‘Tis the season of reorganizing and resolutionizing (I just made that one up). Memberships to gyms all across America are increasing along with lists of projects, goals, and bucket lists for 2016. However, much like that Christmas ham lingering in the refrigerator, resolutions just don’t keep.
What’s the deal!
If you are like me, I enter every New Year with a lot of anticipation and optimism. I make a lot of goals (too many) and then work to reach them until I get too tired and too busy to care (usually some time around February, or March if it’s a really good year). Some goals I forget about, and some goals I shrug off like “What in the world was I thinking?! Never eat sugar again? Sheesh. Really.” But, there is something to be said about goal setting, and goal reaching, but I think it has less to do with yearly resolutions and more to do with habits that develop over time.
Here’s what I mean.
I think the reason you and I give up so easily on anything is that we fail once, so we will probably fail again, so what’s the use in trying? But failure is only failure when we give up entirely on something that matters to us. The real failure is in dismissing what we care about, not in making mistakes. I fail almost every day in one way or in another- as a wife, mom, teacher, friend, etc. But I don’t let my daily mistakes define me. If I did that then I would never have the ambition to put effort into anything.
We have to admit that we fail and that we will more than likely have setbacks with any goal that we set.
Because we get sick.
Because the water heater breaks.
Because our husband gets a new job.
Because we get tired.
Because the printer dies.
Because we realize come late winter that we are in fact, human.
This is not pessimism. This is not for lack of faith This is real life.
Habits, Not Resolutions
We really do not want to fail. There is that weight loss goal to be met, or that financial hurdle to overcome, and we want to feel better about ourselves and our situation. Setting goals, psychologically, makes us feel like we are beginning to make our way there- beyond the present struggle. And the way to reach any goal is to first begin by stating what in fact we want to accomplish. We must start. But we must not end there. And this is why we fail- we begin and then we end.
But, what if we approached setbacks with a “comma” rather than a “period?”
Goal: I will run every morning for 30 minutes before I get ready for work.

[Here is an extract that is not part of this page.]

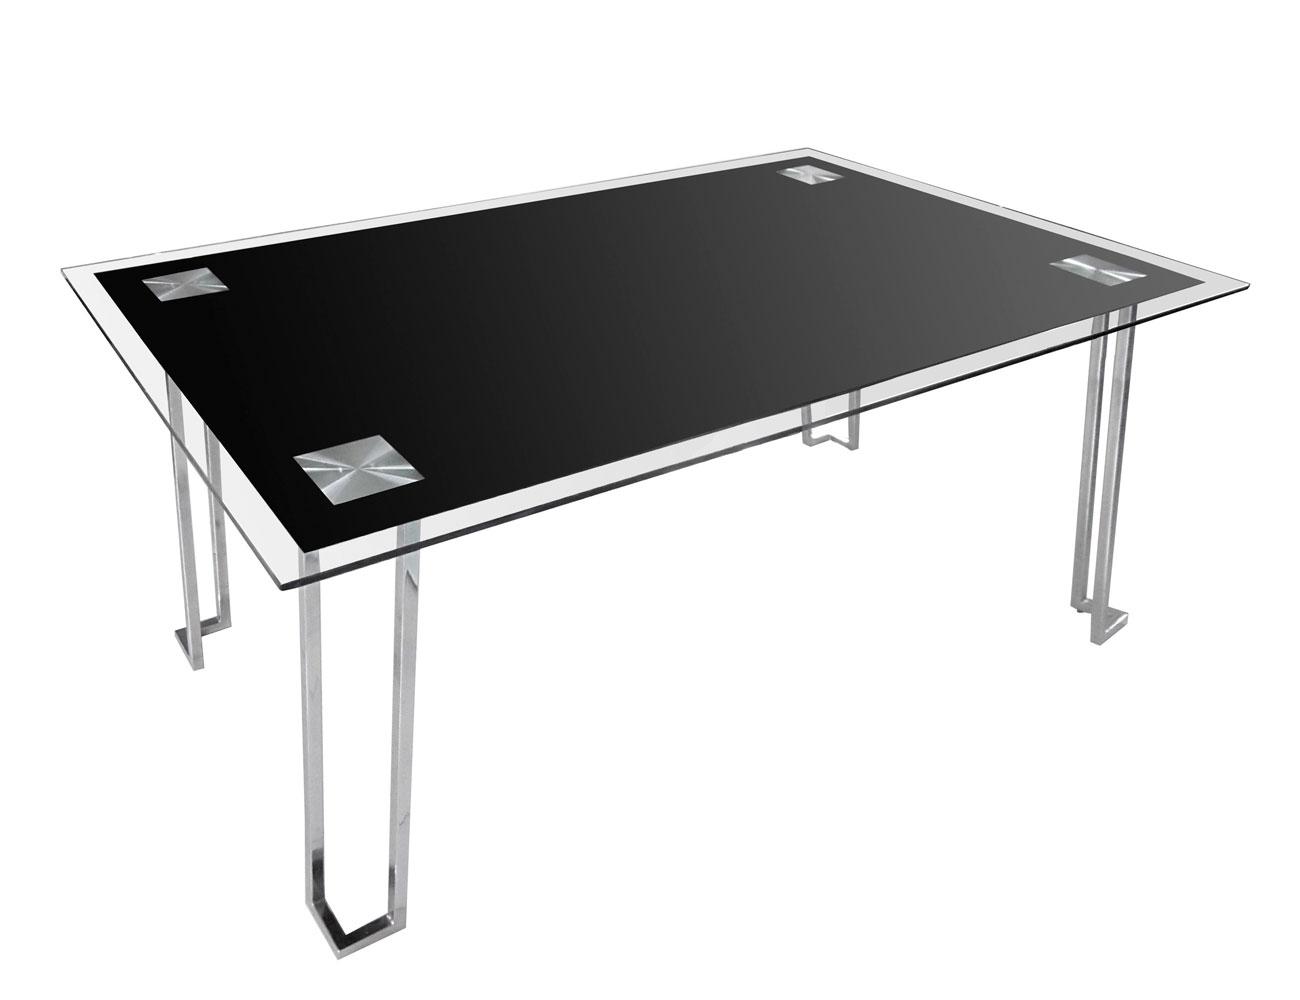 Mesa comedor cristal templado 248 negra

Two weeks in, you’re good to go. But then you miss a day. And then you run on Saturday again. But then you miss two days the next week, and then several more the following week until you give up the whole thing altogether.
You run again. Sure, you missed several days (perhaps weeks), but you don’t think about that. You run. And when you miss a day or two, you run again, working to become more consistent with your goal. Before you know it you will be running way more this year than you did the previous year. And sure, maybe “I will run every day” was a bit audacious and unrealistic, but you made running a habit in 2016 when in 2015 it was virtually nonexistent. You should be commended for this- go you!
How to Develop Habits that Will Last
I am an imperfect perfectionist, which basically means that I strive to perfect whatever I am doing knowing that I am doing a lousy job at it…so in other words, I am hard on myself. A lot of us are like this. In the past year or two, though, I have sought ways to cut myself some slack and work towards a slow and steady progress rather than immediate gratification. I want results- now! But personal growth does not work like that. We have to be patient with ourselves and with the process. So, I am learning to incorporate healthy habits in my life that may not look like much in 2015, but over the long haul come 2030 there may be something to show for all of this hard work with occasional setbacks.
Here are 4 ways you and I can develop habits that will stick for the long haul:
- Write down specific, time-bound, and measurable goals that you want to meet (with an open mind that there will be setbacks).
- When you have a setback, don’t give up on the goal! It’s just a setback, it does not define you, and it does not invalidate your goal. Just pick back up where you left off. So what if you don’t reach every detail of your goal.
- Look for progress, not perfection. No one is perfect, and we all will fail at one point or another. Growth is key, not speed. Some goals may take longer to reach than others, and this is okay and normal.
- Re-assess your goals and your progress from time to time. When we do reach a goal, we check it off of our list, but when we fail to reach another we simply ignore it. This is counterintuitive to habit-forming. I find that an occasional assessment of unmet goals along with the ones that are reached is a good way to evaluate the quality of the goals along with developing persistence, which is needed to form habits.
So, ditch the resolutions. Work towards forming habits. Cut yourself some slack this year and really consider what habits you want to incorporate into your life for the long haul. And remember, whatever you do, don’t give up!